# Harlequin



## Cat Laurelle (Aug 9, 2011)

I will likely query Harlequin with my Regency Romance soon. Can anyone give me an insiders info. on them, or experiences with that company? I appears gigantic, or at least it serves so many sub-genres it appears to be.


----------



## Raging_Hopeful (Aug 12, 2011)

As far as I understand it, it IS gigantic. I would venture to say it is one of the largest romance publishers out there. That being said, I would imagine they receive a HUGE amount of unsolicitied MS. Do you have an agent or have you considered trying to have one represent you? With dealing with the large publishers, I have heard favorable comments about having a good agent who knows his or her stuff. They can also, sometimes, get your work read by certain contacts they may have within such a large publishing company. 

I don't know much about the romance genre but those are just my general publishing thoughts. Good luck!


----------



## Cat Laurelle (Aug 12, 2011)

Maybe I'll do more research on getting an agent? I just have zero funds to contribute and have no idea if they as for money up-front to represent a person like me who is a first time seller?


----------



## Raging_Hopeful (Aug 12, 2011)

Uhhh NO. In fact, if an agent asks you for money, run far away. The Writer's Market (book) is a great reference guide to getting an agent and what to look out for. Also, utilize the Predators and Editors website (Preditors & Editors) which will tell you reviews and provide information on the reputation of Agents and Editors that might be less than honest. 

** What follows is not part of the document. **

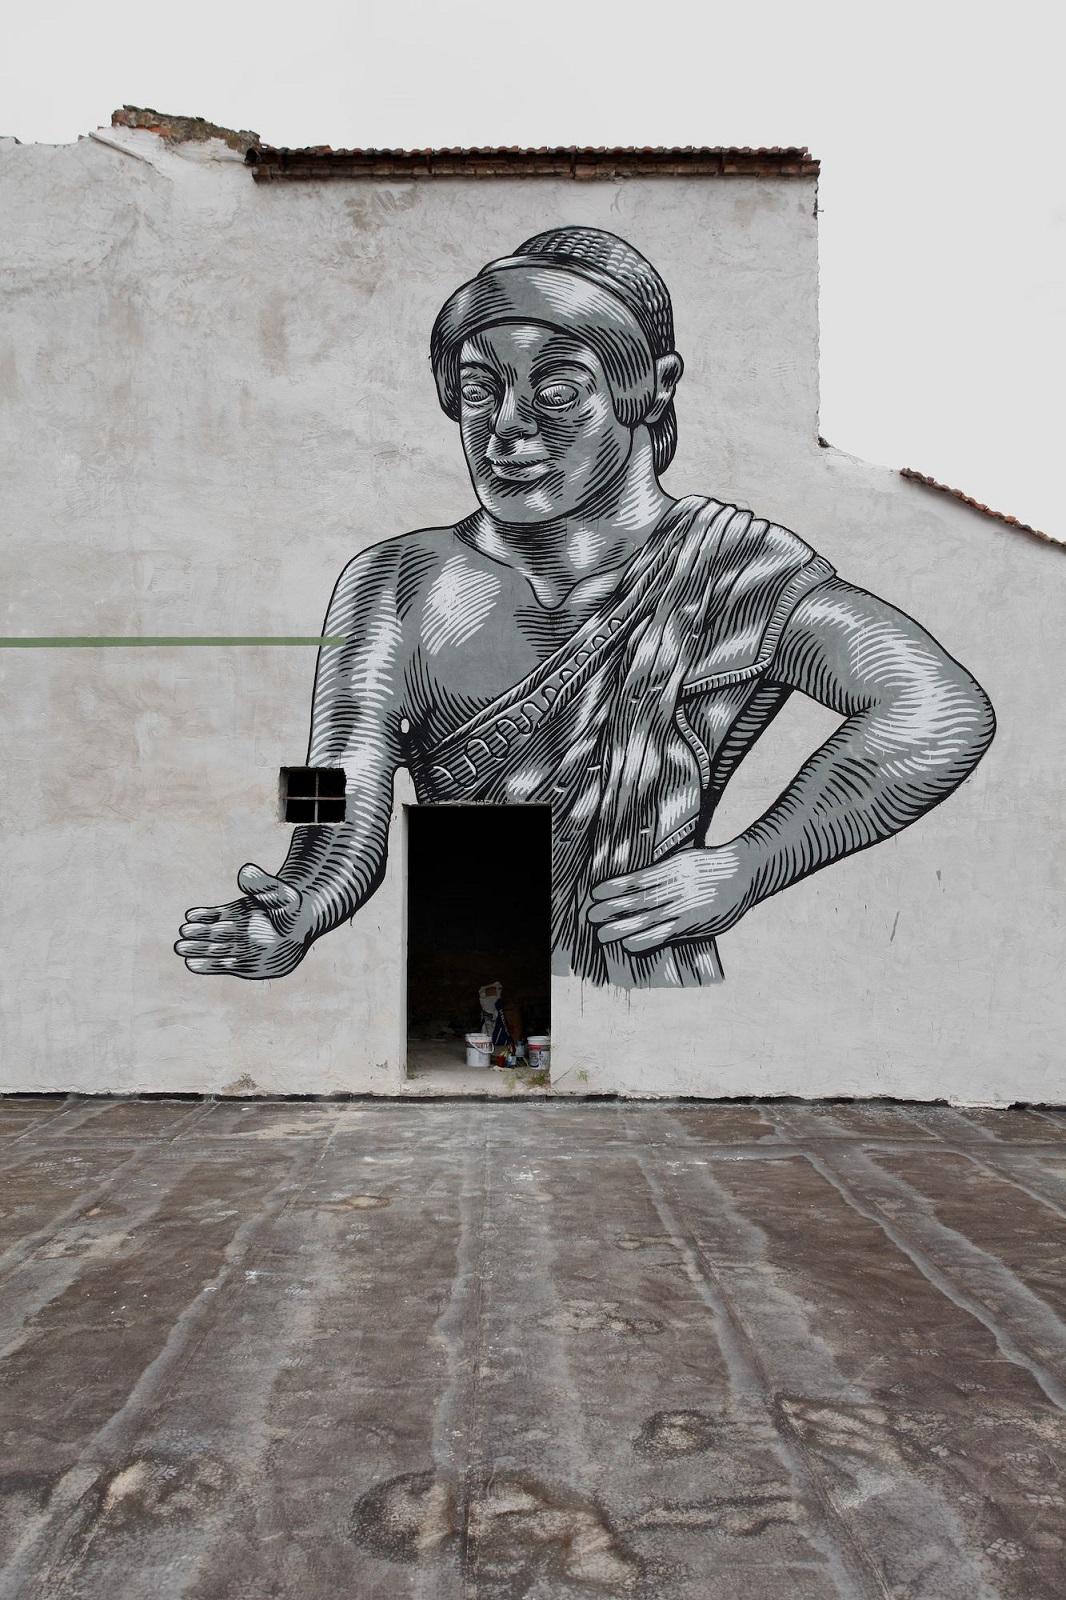 Die Mauer Street Art,  Prato, 2014. ©Carlo Chiavacci Fotografo

Having an agent seems to be in one's best interest, as long as they are a good one. Again, lots of research and read up on how to land an agent.


----------



## Cat Laurelle (Aug 12, 2011)

Thanks for telling me? How easy is it to get someone to represent you? Do they just want to see exerpts of your work and then consider you or your whole resume? I had a media only focused one that included my freelance journalism, and volunteer radio show producing.


----------



## Raging_Hopeful (Aug 15, 2011)

Every agent is different. They will likely want to know your _writing _resume but many are willing to represent unpublished authors if they see potential in the work. The Writers Digest book I suggested lists agents and their expectations as far as what to send them. A likely format will be a query letter, a synopsis, any writing credits you have, and a portion of your work. They rarely ask for the entire MS up front. They can determine from the first chapter or so whether they want to represent it. But again, every agent is different and it will require research and careful consideration on your part. Agents are NOT required, you can query many big publishers without one but it seems it has led to success for many people. Also networking is important, meeting people who can pass your work on is helpful too. That can be done at writing conferences and the like.


----------



## Cat Laurelle (Aug 15, 2011)

Yep, thanks, I'm here to network and learn.


----------